Step inside the Tiago NRG and you’re greeted by a cabin we’ve become so familiar with in the Tiago and Tigor. The layout and space on offer remains identical to the Tiago. Tweaks come in the form of orange accents on the dash, new upholstery and a new 5-inch touchscreen that’s borrowed from the Tigor. Notably, there’s no Android Auto or Apple CarPlay on offer. Other features are shared with the top-spec version of the hatchback, which means you get steering-mounted audio controls, a stellar 8-speaker Harman audio system, chilled glovebox, manual AC and a detailed MID. Safety kit includes dual airbags, ABS with EBD and corner stability control, all of which is offered as standard.
The Tiago NRG shares its engines with the hatchback. There’s no change in output at 85PS/115Nm for the petrol and 70PS/140Nm for the diesel, but Tata claims to have tuned the motor to suit the character of the NRG. Notably, Tata Motors has also deleted the City/Eco drive modes which are on offer in the Tiago. Also, the NRG can be had with a 5-speed manual gearbox only. The manufacturer has categorically ruled out the possibility of an AMT for the Tiago NRG.
Tata’s rugged hatch is available in a single fully-loaded variant. This costs approximately Rs 28,000 more than the XZ variant of the Tiago.

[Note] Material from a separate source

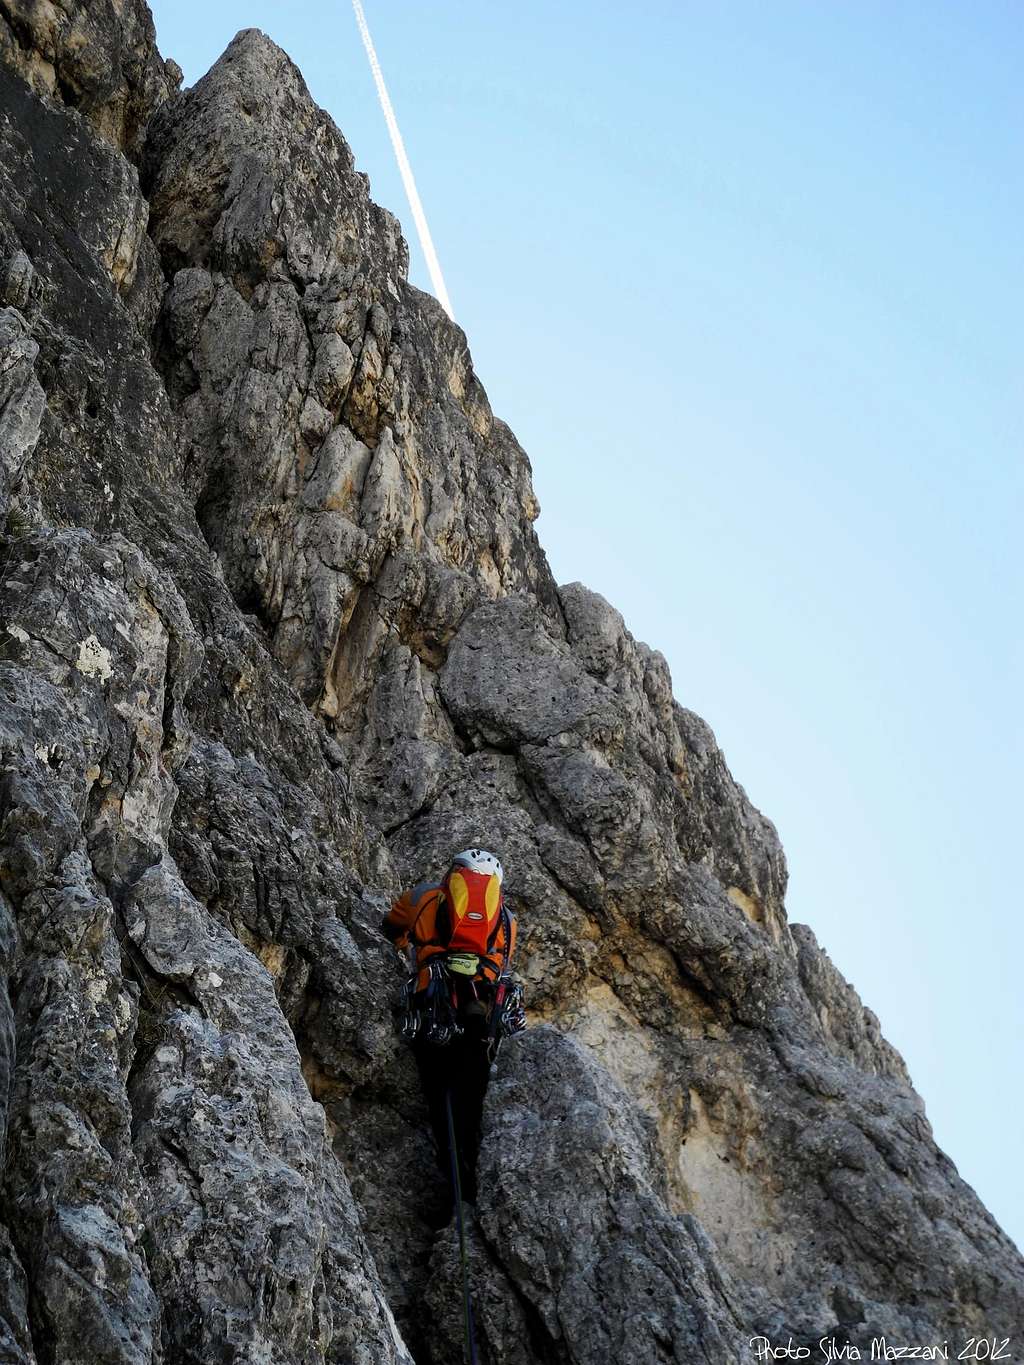 Climbing Comici route on Punta Col de Varda

Mahindra KUV100: The KUV100 is the only other SUV-like hatchback in this segment. Its funky design, fuel-efficient diesel engine and high equipment levels make it a compelling buy, while things like higher engine noise and excessive body roll make it less desirable.

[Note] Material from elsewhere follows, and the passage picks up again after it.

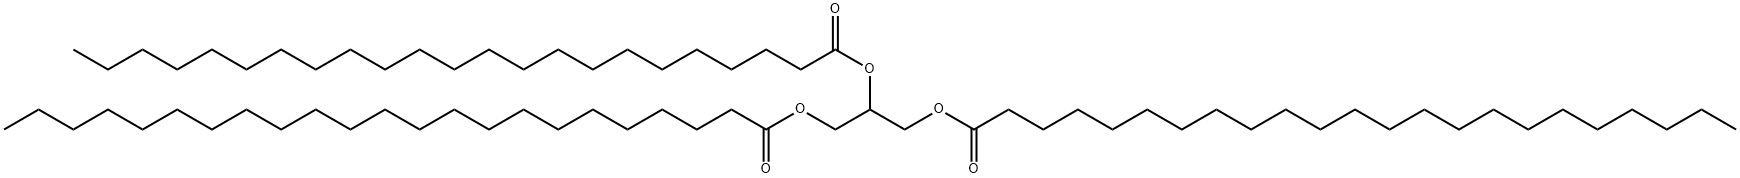 トリトリコサノイン標準品 化学構造式

Hyundai Grand i10: The mid-sized hatchback from Hyundai has been given a refresh to keep up with newer cars on the block. The Hyundai Grand i10 offers a premium interior feel, efficient but peppy diesel engine, fun to drive characteristics and class-leading interior space without burning a hole in your pocket.
Maruti Suzuki Ignis: It looks quirky, but that’s pretty much the only problem with it. Otherwise it’s a nimble little hatch that can be quite fun to drive too.
Ford Freestyle: With the Freestyle, there’s no real point in buying the Figo. It’s a more refined package at an acceptable incremental cost. It’s a fantastic all-rounder that manages to combine the basics of space, fun and everyday usability right.